Earlier in the day, Blass tweeted about ‘a reliable source’ telling him ‘with high confidence’ that Google will launch a Wear OS smartwatch alongside the Pixel 3 and Pixel 3 XL at the company’s annual hardware launch event this fall.
As reports have already suggested over the past several weeks, Google is expected to unveil its third-generation Pixel handsets later this year, and information about the upcoming smartphones have already started trickling in.
The name ‘Pixel 3’ was spotted within the AOSP source code back in March, which is possibly as good a clue as any that Google is indeed working on what’s expected to be the successors to the Pixel 2 and Pixel 2 XL.
It’s worth noting here that there’s not a whole lot of info right now about the hardware specs, software features, pricing or availability of any of the upcoming devices, but at least one Forbes contributor seems to to believe that the upcoming Pixel handsets will be ‘expensive’, although, there’s no source cited for that assertion.

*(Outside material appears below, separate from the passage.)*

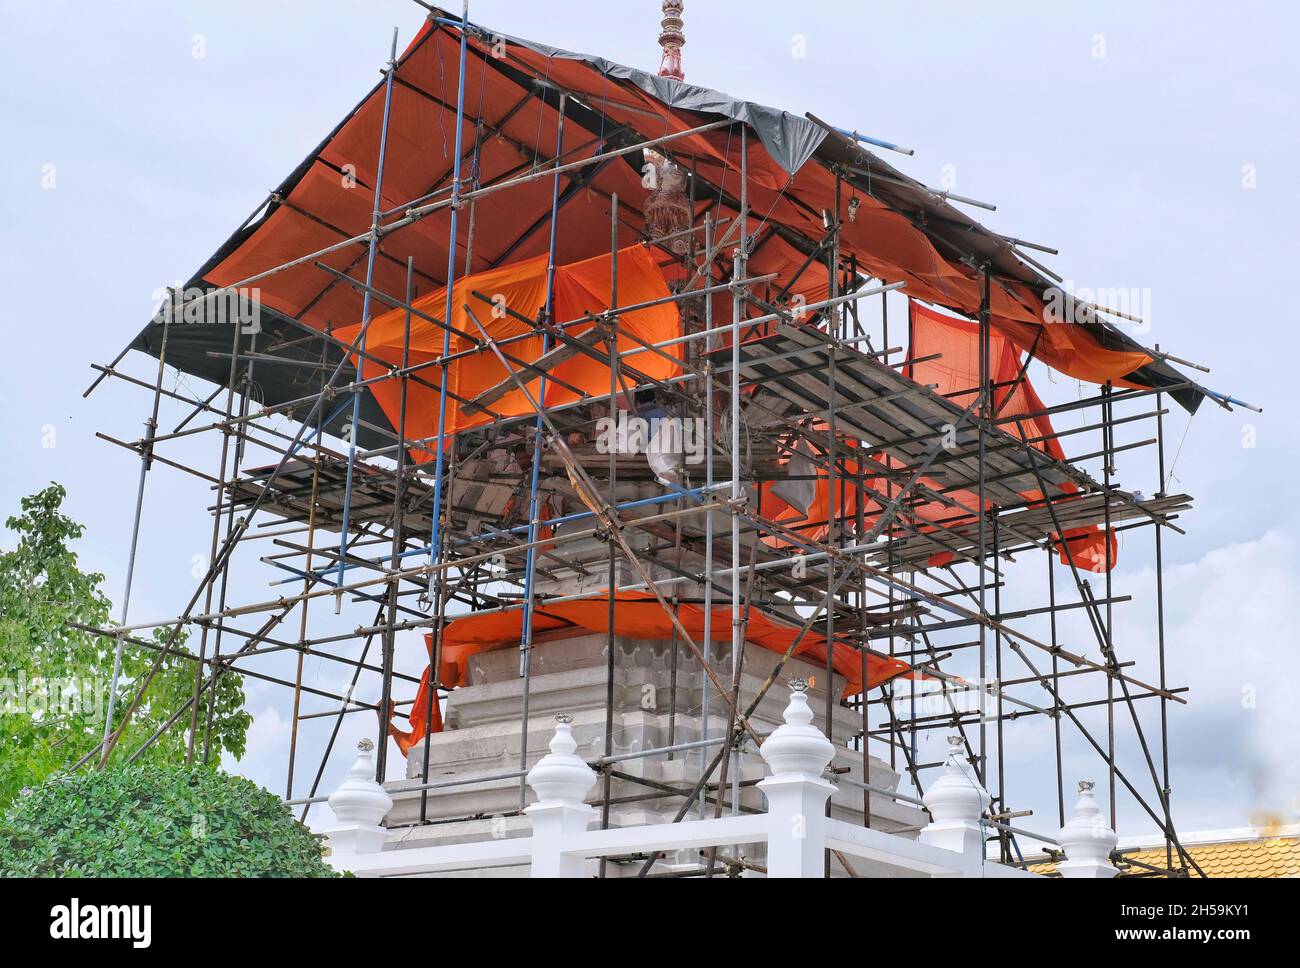 Bangkok / Thailand - 2021/11/01: A large white pagoda at Wat Pariwat temple under construction with scaffolding and temporary roofing. Stock Photo

Alongside the Pixel 3, Pixel 3 XL and the Wear OS devices, Google is also expected to launch its second-gen Pixel Buds at the event. They will certainly not be the showstoppers, but it will be interesting to see how well the company will be able to address some of the issues that stopped the first-gen devices from becoming as popular as the Apple EarPods. Making them totally wireless will certainly be a start.